In the example, the athlete is willing to forego $1 million of productive activity elsewhere, but what if he was not able to produce $1 million activity? If his productive activity as a cab driver only added up to 0.5$M, then we are all even. I have a feeling this is worked out in the details. Here is another way to put it. Our three athletes in the example could have been cab drivers, and say could have generated $1 million activity. the public are willing to pay $3 million. If the public suddenly become more interested in the sport, and now are prepared to pay $6 million, the amount of economic activity foregone by the athlete is now $2 million. I don’t see how that has come about, since all he has done is still not drive the cab.
Having looked at my comments here, it seems that the maximum gain is always achieved when the amount paid to the athletes is less, reaching its peak at pure amateurism. This sort of makes sense. Why should we pay huge amounts of money for totaly unproductive activity – which I think is part of Steves point. However, I am not sure that the individual effort of the athlete is the true cost here.
Flop’s comparison of Olympic athletes to other performers (actors, musicians, etc.) is off. An actor or musician doesn’t have to be a superstar to be successful (in their own definition of the word). They can still entertain people directly (plus, many of them have second jobs, which Olympic athletes rarely have time to do). Furthermore, there’s no limit to the number of actors we can have because if the ‘price’ of an actor goes down, then more people would choose to be screenwriters, directors, etc. There’s a fixed number of awards they can win (unless they make new competitions). Also, actors and singers are not homogeneous. They have different talents which they cultivate. Olympic athletes are required to reach an ideal, so the difference between them is less significant.
As to the benefits of viewing the Olympics, let’s remember that televising the Olympics means that other shows can’t be televised at the same time. This is a non-trivial factor. I never watch the Olympics; I get no joy out of it whatsoever. On the other hand, I have to wait even longer to see the next episode of 30 Rock (or any other show). This makes me very frustrated (more than you would expect). I would be willing to pay X dollars to have the Olympics removed and 30 Rock put back in its rightful place.
Lastly, when dictatorships spend alot of money (or use alot of firearms) to train Olympic athletes, they’re artificially inflating the amount of work that everyone in the free world has to do to compete. It’s kind of a jerk thing to do.
Lastly,
The real losses to me are the cases where a player contributes to wins but not to entertainment.

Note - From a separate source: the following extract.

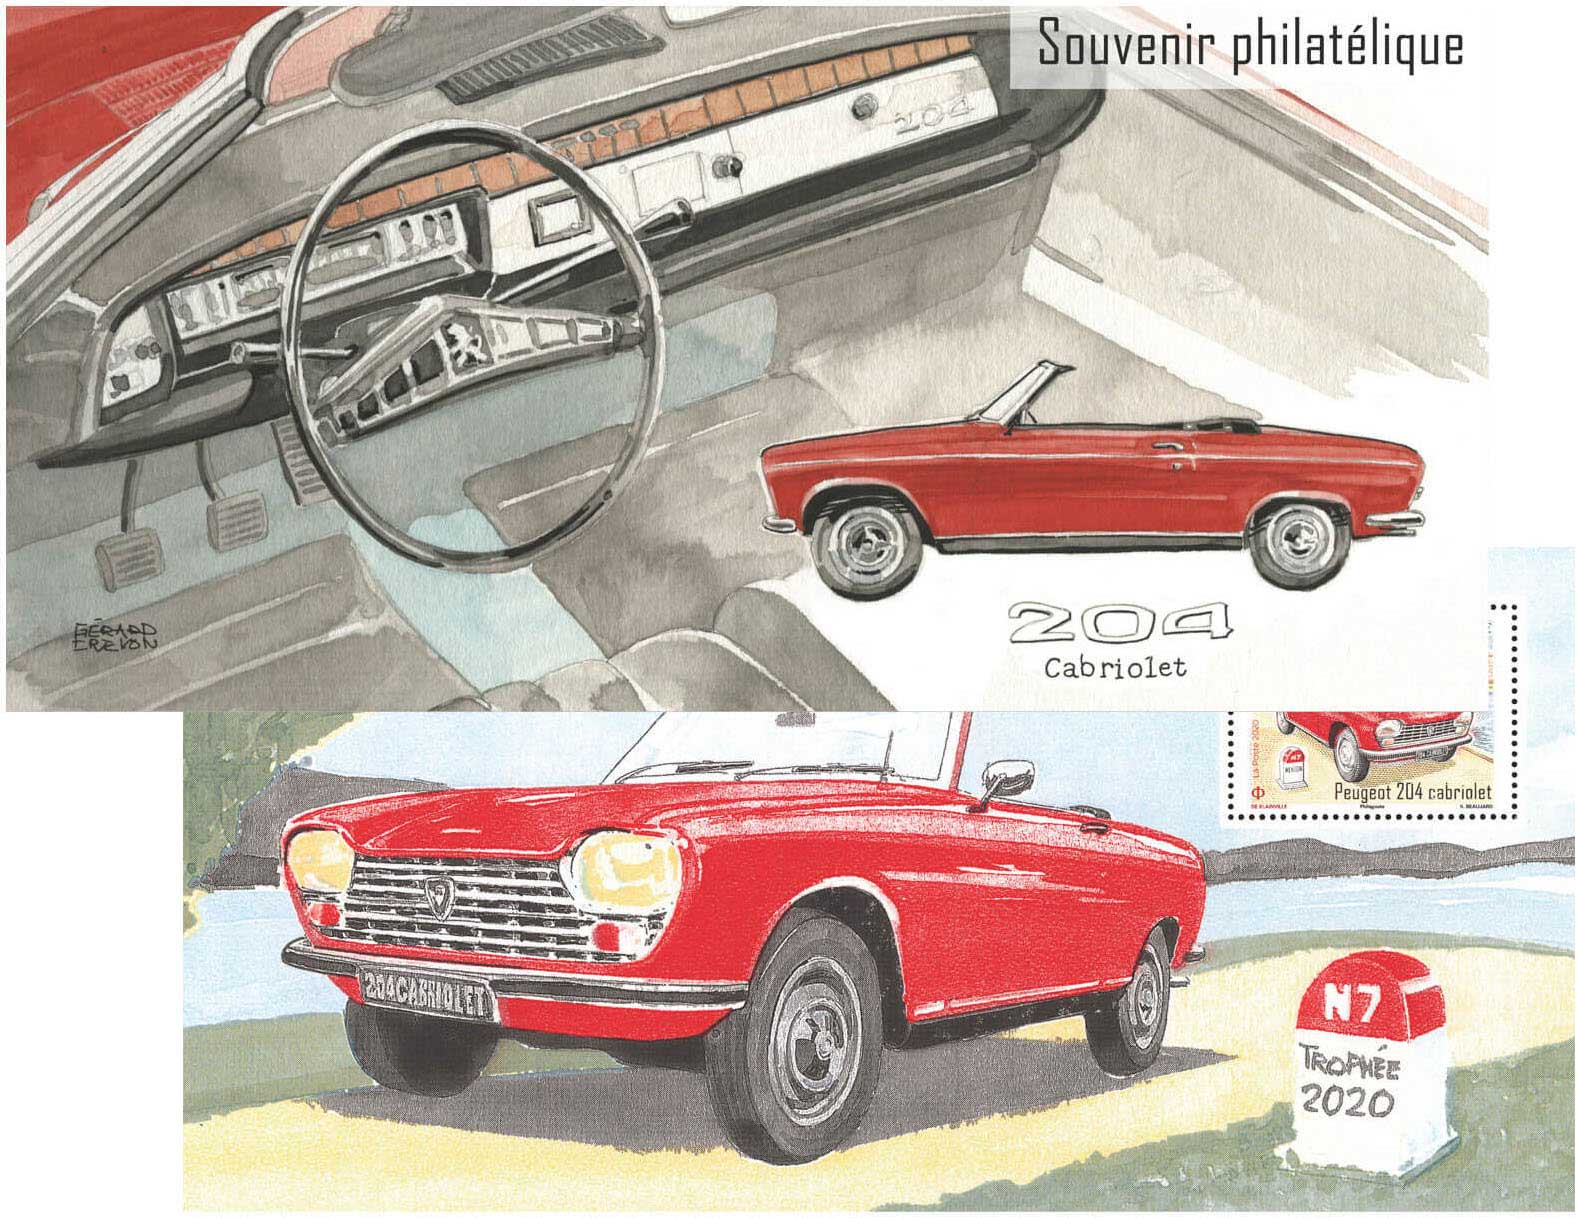 Souvenir philatélique - 204 Cabriolet

For example one might consider Michael Jordan added greatly to the viewing experience of most fans but that Shaquile O’Neal did not. Yet Shaquile O’Neal made a lot of money making one team win over another a zero sum situation.
Steve, was my interpretation of the application of Rosen’s paper to this argument correct? If not, where in the paper you linked to does Rosen mention market failure, or that skewed income distributions with respect to talent are inefficient?
Do you agree that the market, even sans-patents, supplies too many business innovators?